Metadata-Version: 2.1
Name: mumin
Version: 0.1.1
Summary: UNKNOWN
Home-page: https://github.com/CLARITI-REPHRAIN/mumin-build
Author: Dan Saattrup Nielsen and Ryan McConville
Author-email: dan.nielsen@bristol.ac.uk
License: MIT
Platform: UNKNOWN
Classifier: License :: OSI Approved :: MIT License
Classifier: Programming Language :: Python :: 3.7
Classifier: Programming Language :: Python :: 3.8
Description-Content-Type: text/markdown
Provides-Extra: dgl
Provides-Extra: embeddings
Provides-Extra: all
License-File: LICENSE

# MuMiN-Build
This repository contains the package used to build the MuMiN dataset from the
paper [Nielsen and McConville: _MuMiN: A Large-Scale Multilingual Multimodal
Fact-Checked Misinformation Dataset with Linked Social Network Posts_
(2021)](https://openreview.net/forum?id=sOLdMFkQe7).
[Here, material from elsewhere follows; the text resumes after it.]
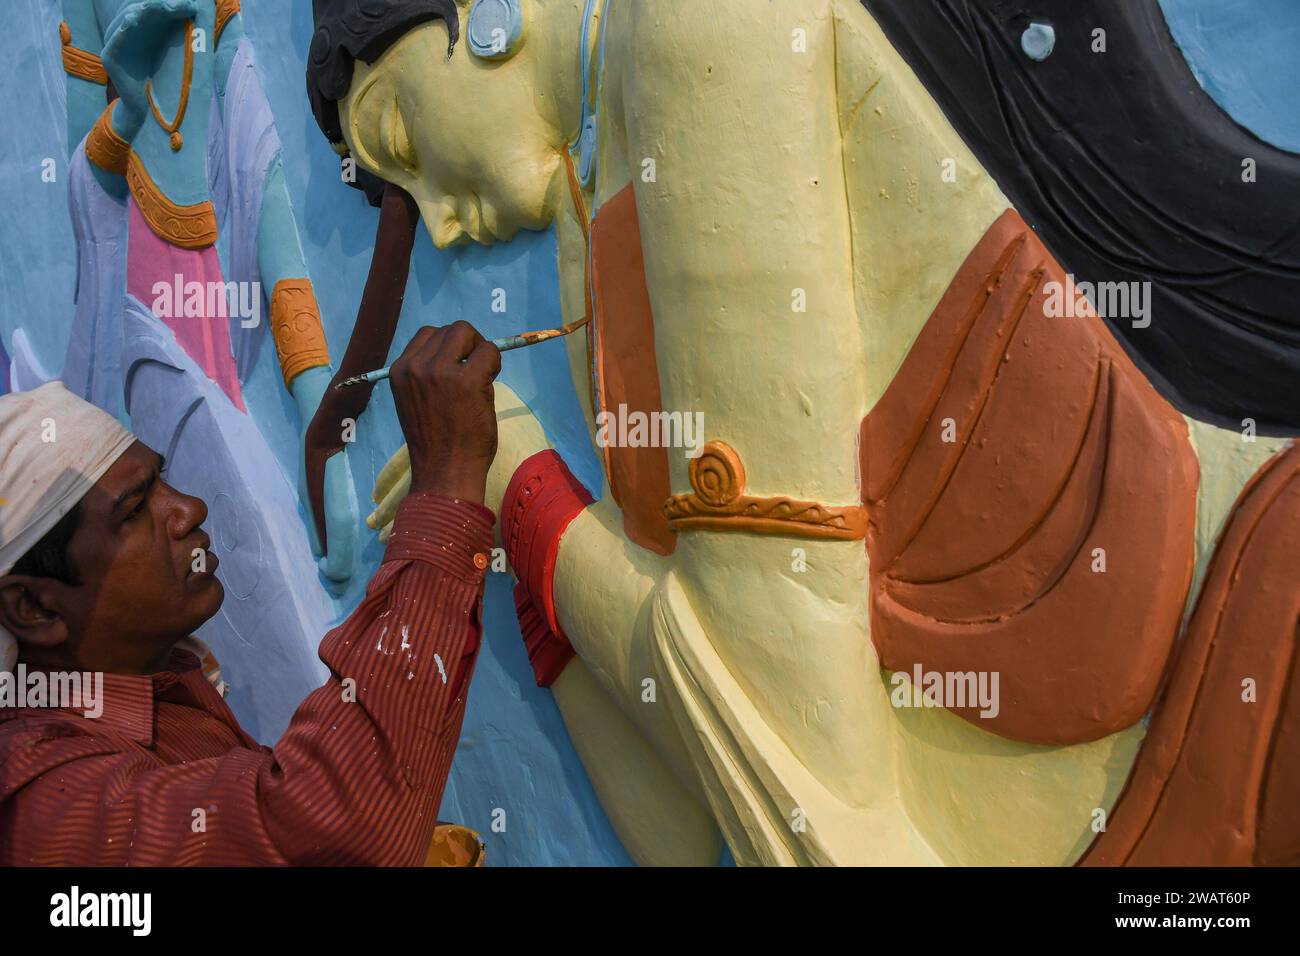 Un operaio dipinge una scultura d'arte prima della visita del primo ministro indiano Narendra modi nei pressi di un cantiere ad Ayodhya. Ramnagari Ayodhya, un tempo nota per le sue strade strette e le strade in decomposizione, sta facendo progressi costanti: Tutte le strade e gli edifici che portano a RAM Janmabhoomi sono stati ampliati e ristrutturati per facilitare i viaggi. Foto Stock
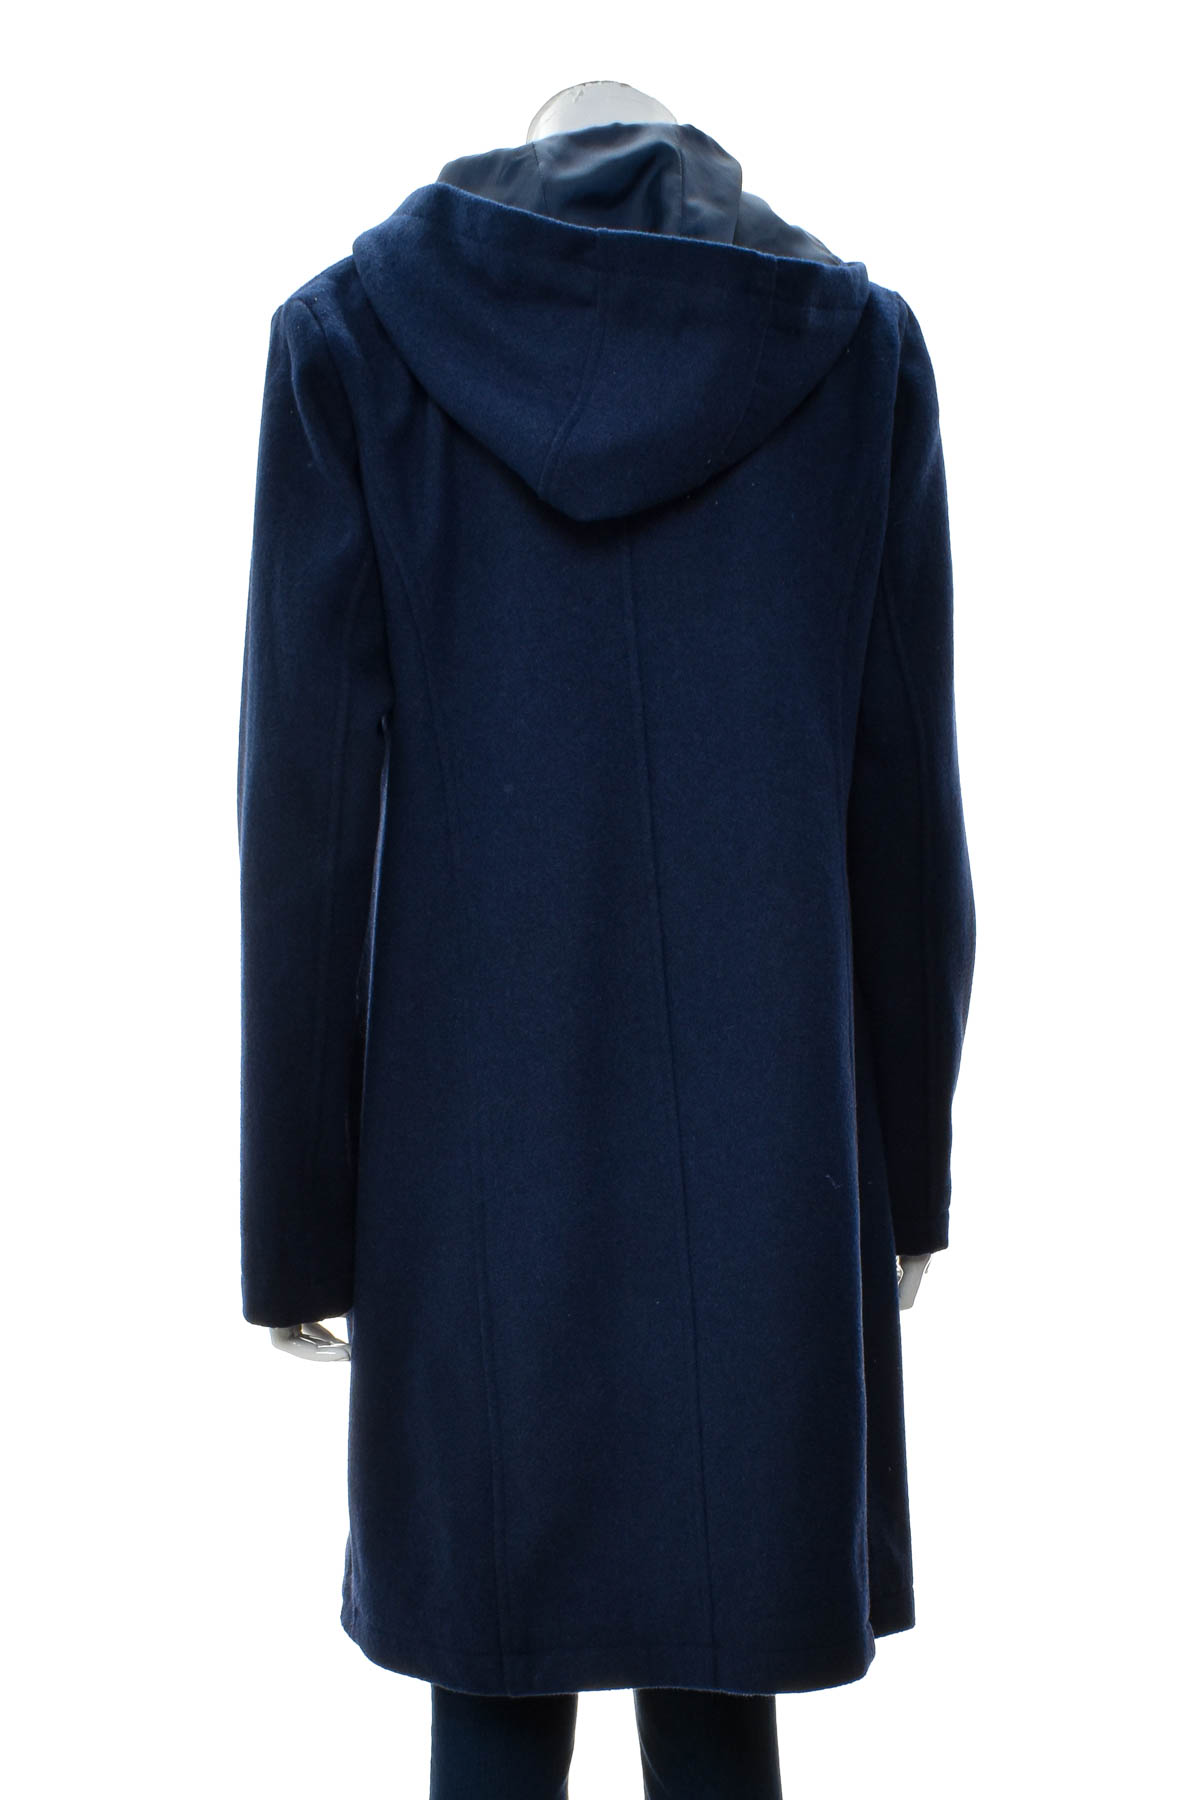 Γυναικείο παλτό - Bpc Bonprix Collection - 1

### This is currently under review at NeurIPS 2021 Datasets and Benchmarks Track (Round 2). This dataset must not be used until this warning is removed as the dataset is subject to change, for example, during the review period.

## Installation
The `mumin` package can be installed using pip:
```shell
$ pip install mumin
```

To be able to build the dataset Twitter data needs to be downloaded, which
requires a Twitter API key. You can get one
[for free here](https://developer.twitter.com/en/portal/dashboard). You will
need the _Bearer Token_.


## Quickstart
The main class of the package is the `MuminDataset` class:
```python
>>> from mumin import MuminDataset
>>> dataset = MuminDataset(twitter_bearer_token=XXXXX)
>>> dataset
MuminDataset(size='large', compiled=False)
```

By default, this loads the large version of the dataset. This can be changed by
setting the `size` argument to one of 'small', 'medium' or 'large'. To begin
using the dataset, it first needs to be compiled. This will download the
dataset, rehydrate the tweets and users, and download all the associated news
articles, images and videos. This usually takes a while.
```python
>>> dataset.compile()
MuminDataset(num_nodes=9,535,121, num_relations=15,232,212, size='large', compiled=True)
```

After compilation, the dataset can also be found in the `./mumin` folder as
separate `csv` files. This path can be changed using the `dataset_dir` argument
when initialising the `MuminDataset` class. If you need embeddings of the nodes, for instance for use in machine learning
models, then you can simply call the `add_embeddings` method:
```python
>>> dataset.add_embeddings()
MuminDataset(num_nodes=9,535,121, num_relations=15,232,212, size='large', compiled=True)
```

**Note**: If you need to use the `add_embeddings` method, you need to install
the `mumin` package as either `pip install mumin[embeddings]` or `pip install
mumin[all]`, which will install the `transformers` and `torch` libraries. This
is to ensure that such large libraries are only downloaded if needed.

It is possible to export the dataset to the
[Deep Graph Library](https://www.dgl.ai/), using the `to_dgl` method:
```python
>>> dgl_graph = dataset.to_dgl()
>>> type(dgl_graph)
dgl.heterograph.DGLHeteroGraph
```

**Note**: If you need to use the `to_dgl` method, you need to install the
`mumin` package as `pip install mumin[dgl]` or `pip install mumin[all]`, which
will install the `dgl` and `torch` libraries.


## Dataset Statistics

| Size   | #Claims | #Threads | #Replies  | #Retweets |  #Users    | #Languages | %Misinfo |
| :---:  | ---:    | ---:     | ---:      | :---:     | :---:      | :---:      | :---:    |
| Large  | 12,242  | 23,856   | 798,259   | 2,251,263 | 5,525,194  | 41         | 94.81%   |
| Medium | 5,244   | 9,863    | 427,472   | 1,299,096 | 2,894,456  | 37         | 94.34%   |
| Small  | 2,079   | 4,018	  | 258,455   | 811,078   | 1,611,344  | 35         | 93.20%   |


## Related Repositories
- [MuMiN](https://github.com/CLARITI-REPHRAIN/mumin), containing the
  paper in PDF and LaTeX form.
- [MuMiN-trawl](https://github.com/CLARITI-REPHRAIN/mumin-trawl),
  containing the source code used to construct the dataset from scratch.